Doctor Who (Jon Pertwee) – Colony In Space


This week, the Doctor (Pertwee) gets off Earth in his TARDIS, with Jo (Katy Manning) tagging along in this six-part adventure written by Malcolm Hulke that ran from 10 April to 15 May, 1971.

The Time Lords restore the TARDIS’ travelling ability when they learn The Master (Roger Delgado) is up to no good again, though this is something they don’t quite pass on to the Doctor, instead, they simply let the TARDIS take off, much to his delight, and Jo’s consternation. They end up on a distant planet in the year 2472, where a group of colonists try to eke out an existence. But there are other beings on the planet, including a group who steal the TARDIS, and there is definitely more going on here than our characters know about.

Ashe (John Ringham), the leader of the colony, reveals to the Doctor, the existence of some telepathic locals (the same who knicked the TARDIS), referred to the colonists as primitives. Yet as the Doctor investigates, he finds an interesting strata of beings, and that they have been here for a long, long time, regressing from a once great society to merely a semblance of its former self.

More trouble is added, when we learn that the Interplanetary Mining Corp has arrived to do a survey, colonists or not. In fact, Captain Dent (Morris Perry) is planning on driving the colonists off, and isn’t worried about some bloodshed to do it. So very early on in the story, we get a nice, and still relevant, profits versus humanity arc.


Things get worse when a survivor from another colony (supposedly) shows up citing the danger of the planet’s primitives, but again there is more going on there than we initially know!

The colonists and the IMC are at almost violent loggerheads, and things are about to become increasingly exacerbated, as they’ve asked for an Adjudicator to come and mediate the situation. Unfortunately, the Adjudicator has a very familiar face… he’s The Master!

The Doctor cannot convince anyone to believe him about The Master’s intention, as, typical with a bureaucracy, the villain has all his paperwork to prove who he is, and the Doctor doesn’t have anything, and consequently cannot convince anyone to believe him.

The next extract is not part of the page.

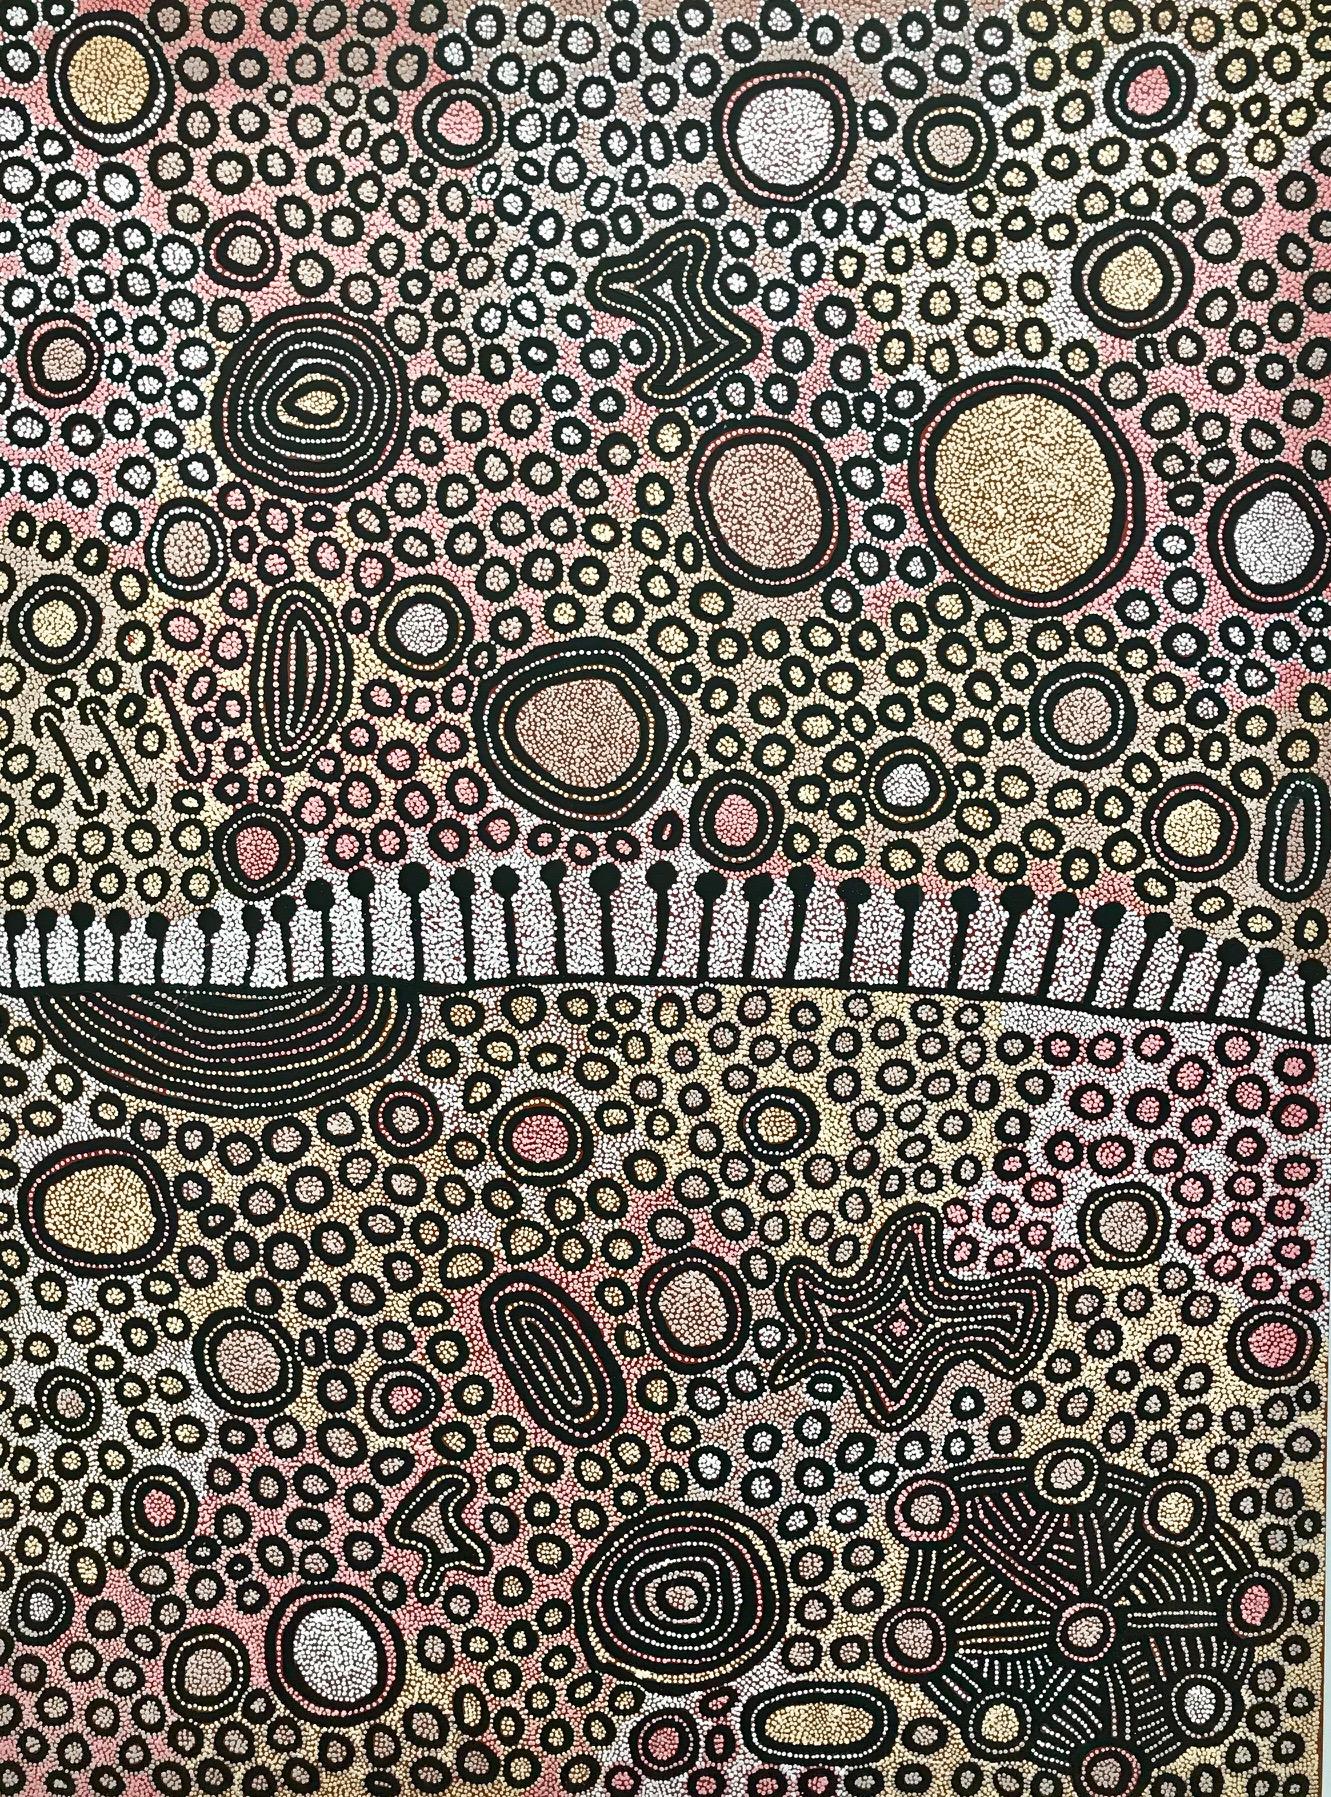 Yinarupa Nangala Landscape Painting – 'Ngaminya' Aboriginal Australian Art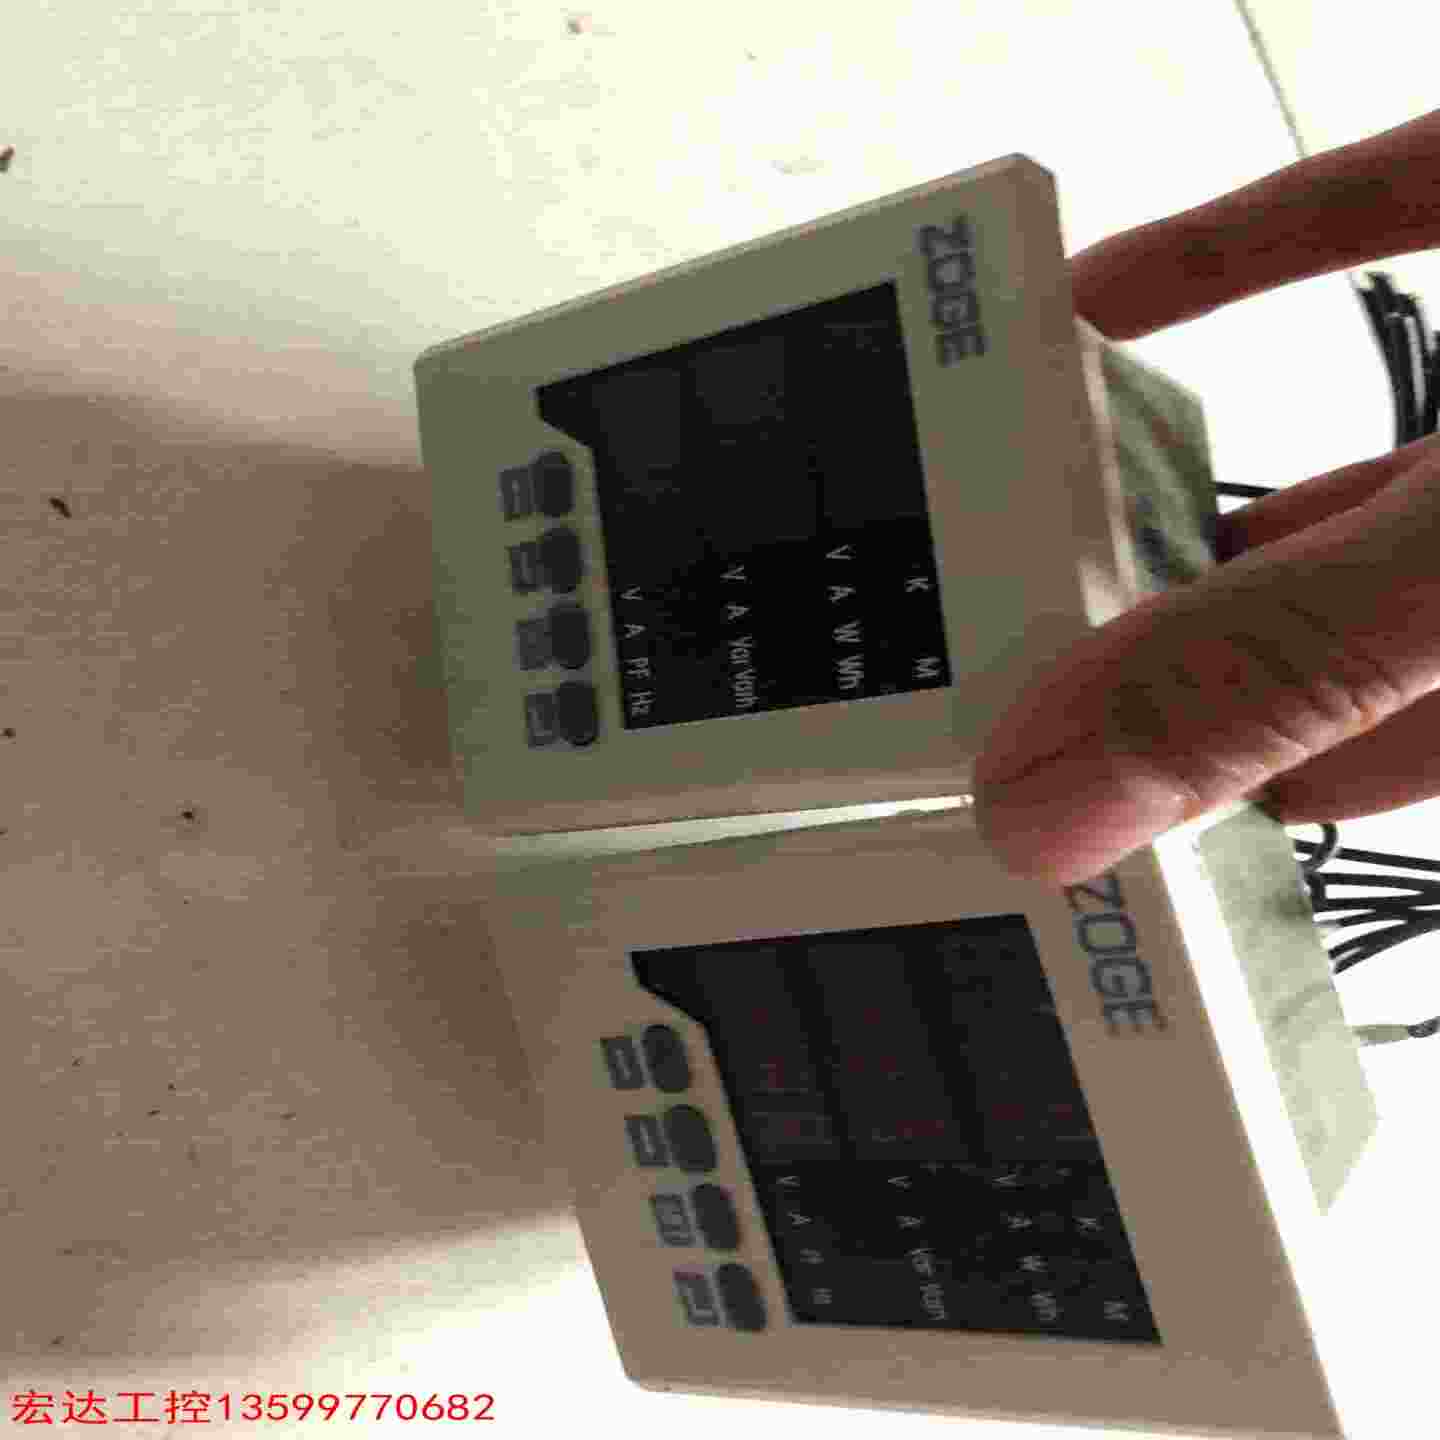 上海恩标多功能电侧表型号如图实物拍摄功能完好两台16

There were a couple of things I liked in this story, and a few things I didn’t. The thing that most bothered me was the fact that Jo, apparently, didn’t believe the TARDIS could travel in time and space, and is more than a little bothered to find out she’s on an alien planet. What was the Brigadier (Nicholas Courtney) thinking when he assigned her to the Doctor? On the plus side, this episode has lots of examples of Venusian Karate, and sees the return of the sonic screwdriver!